The bug was inside HttpServer::serve(). Each accepted connection got handed to a plain std::thread::spawn worker, and the worker called Handle::current() to get a tokio handle so it could block_on the async router. Handle::current() panics if there’s no tokio runtime in the thread’s context. On the #[tokio::main] path the runtime context propagates to the std thread through the way tokio sets up its thread-locals — accidentally, but reliably. On the bare-test path there’s no runtime at all, the std thread has no context to inherit, Handle::current() panics, the connection dies before the request is parsed, the client sees a reset.

In production, every caller wraps the server in #[tokio::main]. The bug had been latent for as long as the threaded server had existed. Real binaries never saw it. The thing that exposed it was a test that didn’t behave like a real binary.
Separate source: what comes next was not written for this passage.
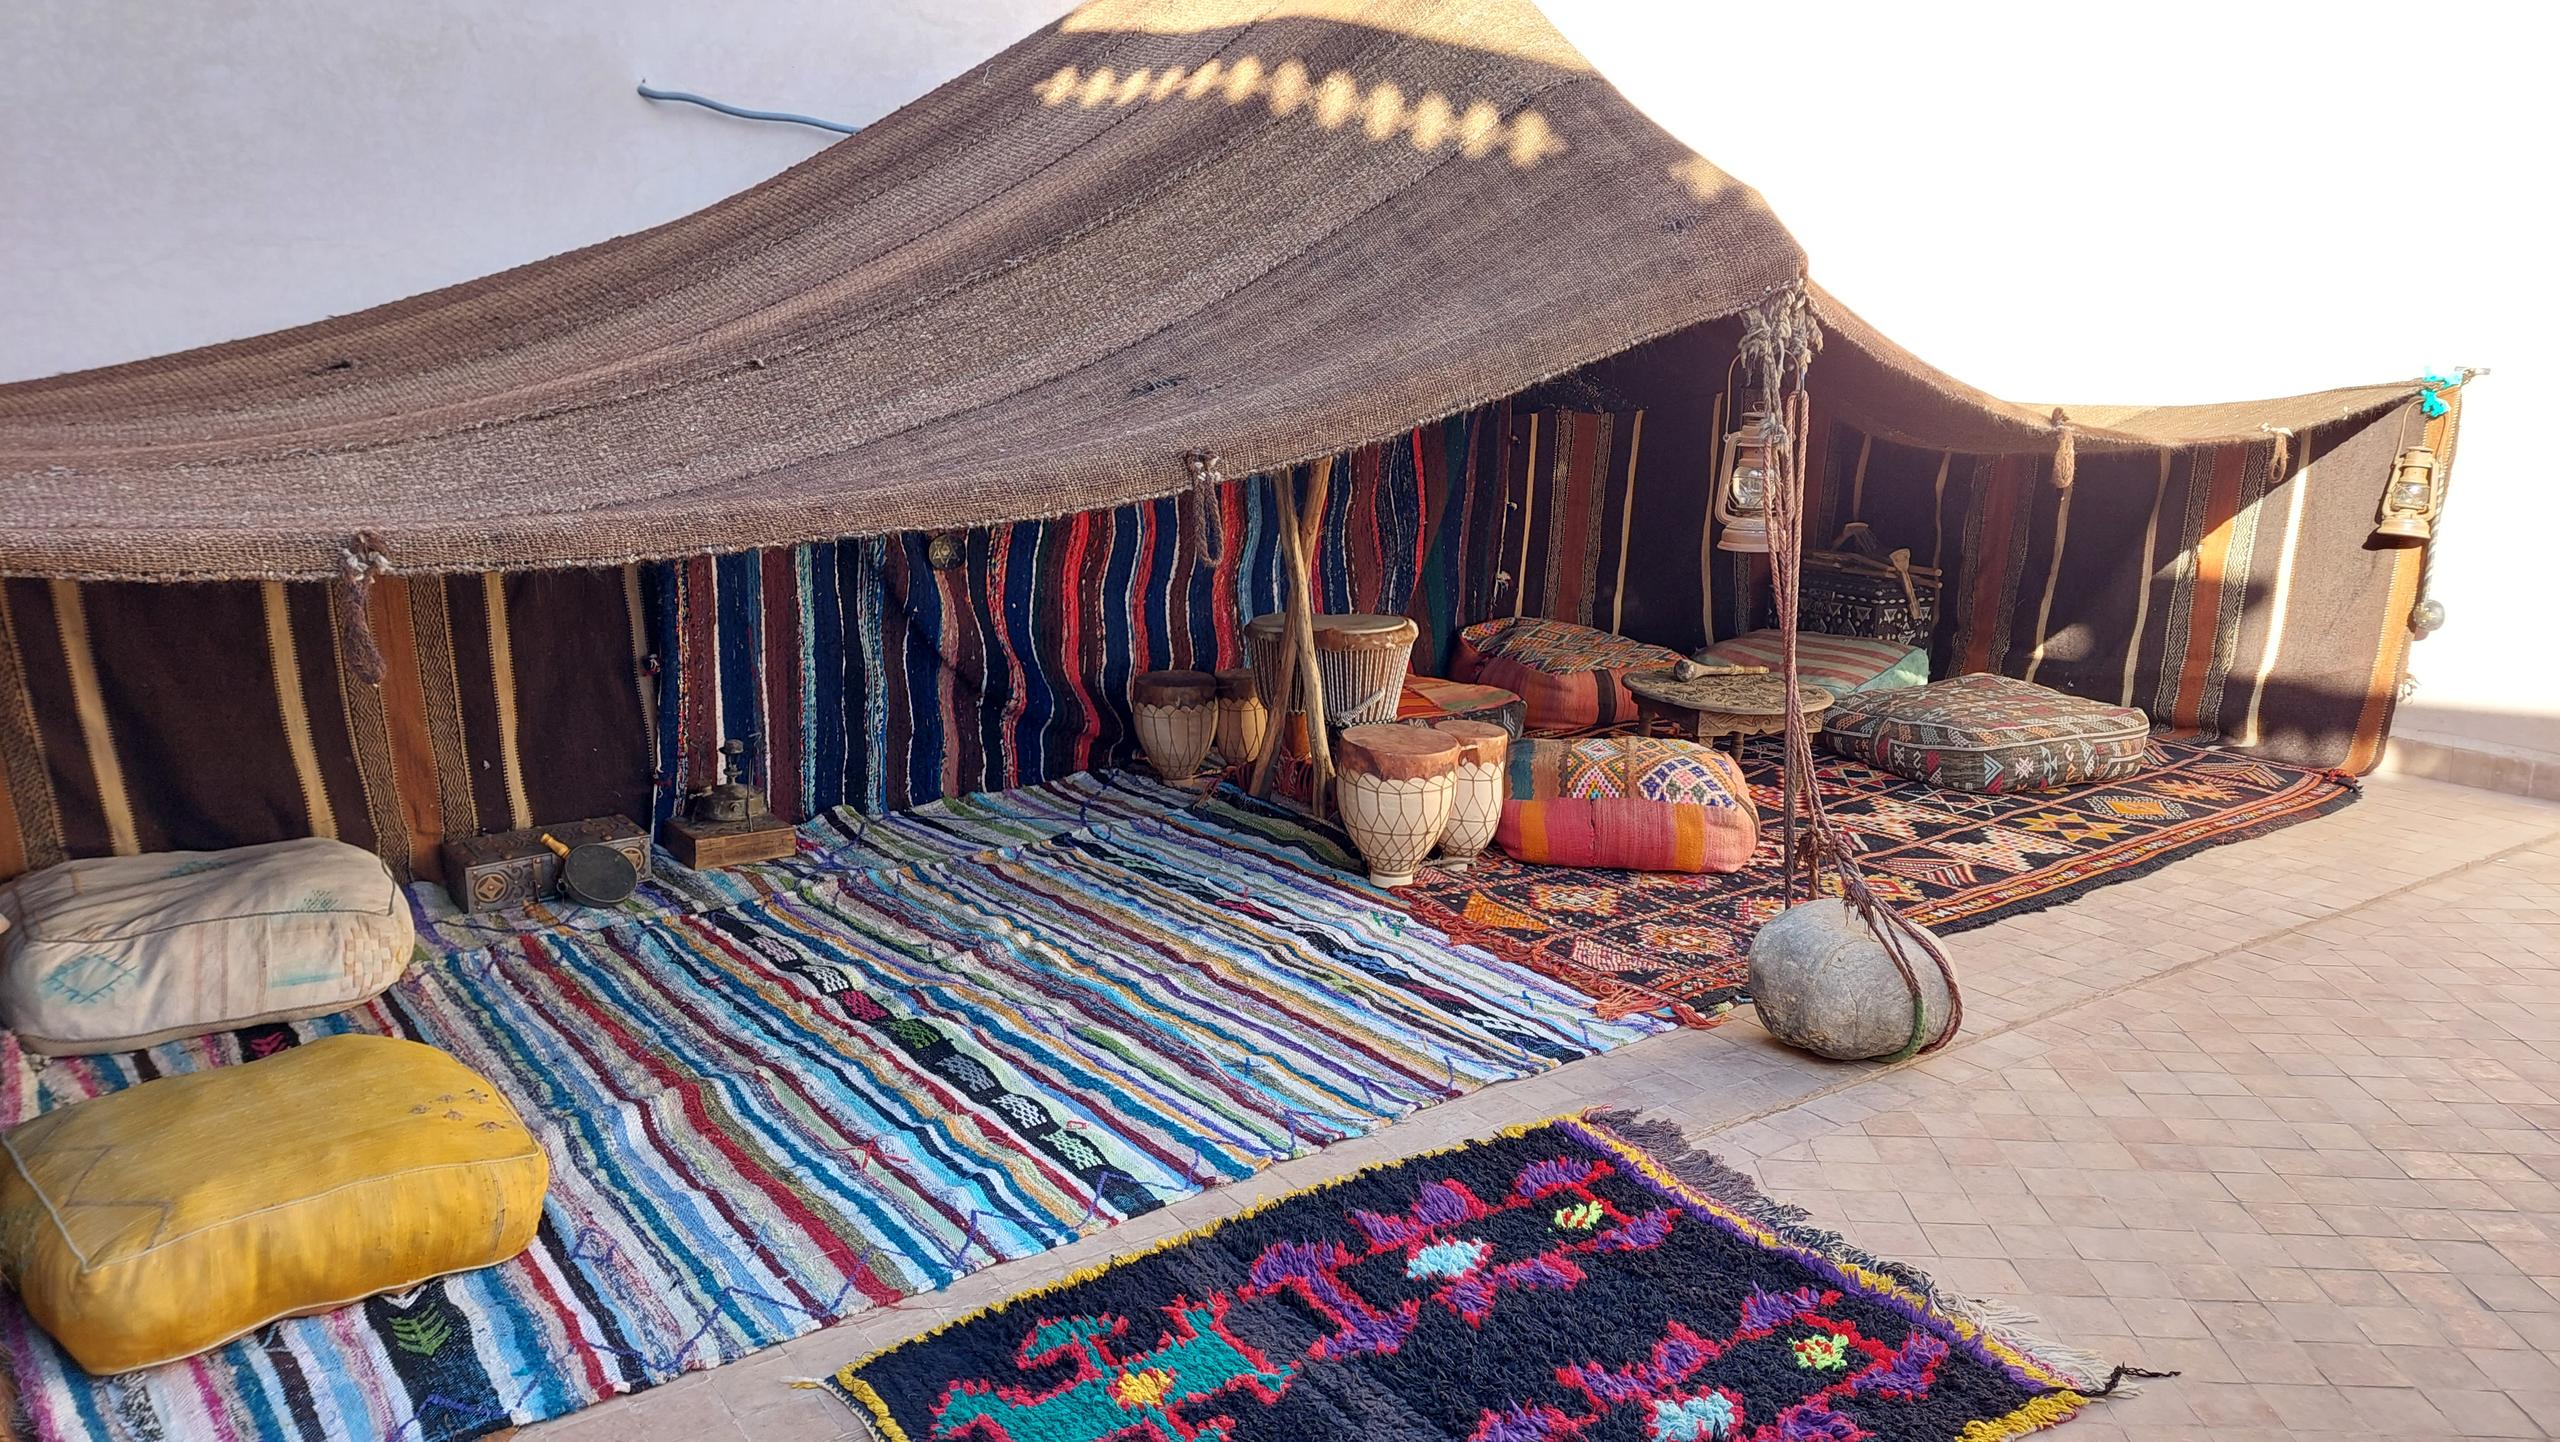 La tenda berbera

The fix was to stop calling Handle::current() from anywhere a std thread might run. serve() now captures a handle once, at startup — reusing the caller’s runtime if one is in scope, otherwise owning a fresh multi-thread runtime for the lifetime of the call — and passes that explicit handle into every worker. No more Handle::current(). No more invisible thread-local dependency. The same code now runs identically whether the caller is #[tokio::main] or not.

What strikes me, looking at the two of them next to each other, is that they have the same shape.

Both bugs were invisible in production. The first one didn’t surface because production never re-runs into the same tempdir as a previous run — every prod deployment gets its own WAL, the hard-coded path was fine. The second one didn’t surface because every production caller happens to wrap in #[tokio::main], and the runtime context happens to propagate. Production was working around both bugs by accident. The accidents were stable. They would have stayed stable for years.

Both bugs surfaced because the harness asked a different question than production asked. The harness ran the cluster scenarios from scratch, fresh state, no #[tokio::main] wrapper, expecting the code to behave the way the README said it would. Production behavior met those expectations approximately. Test behavior met them exactly, or not at all.

I’d been told for years that tests are about confirming what you believe. That framing keeps the tests aligned with the code — green when the code works, red when it doesn’t. It also keeps them aligned with the assumptions the code was written under. The assumption that there’d be a runtime in scope. The assumption that the WAL path didn’t matter because nobody else would write to it. Those are the assumptions the harness doesn’t share. The harness puts the code in a context where the assumption isn’t true, and watches what happens.

If the test isolation is real — every scenario from scratch, every directory fresh, no shared global state, no inherited runtime, no convenient inheritance from a parent process — the harness asks questions production never asks. It asks them mechanically, on every run. And when something has been quietly riding on an assumption that wasn’t written down, the harness finds it.

That’s a feature. The isolation itself, not the assertions. The assertions only check what you thought to check. The isolation checks what you didn’t.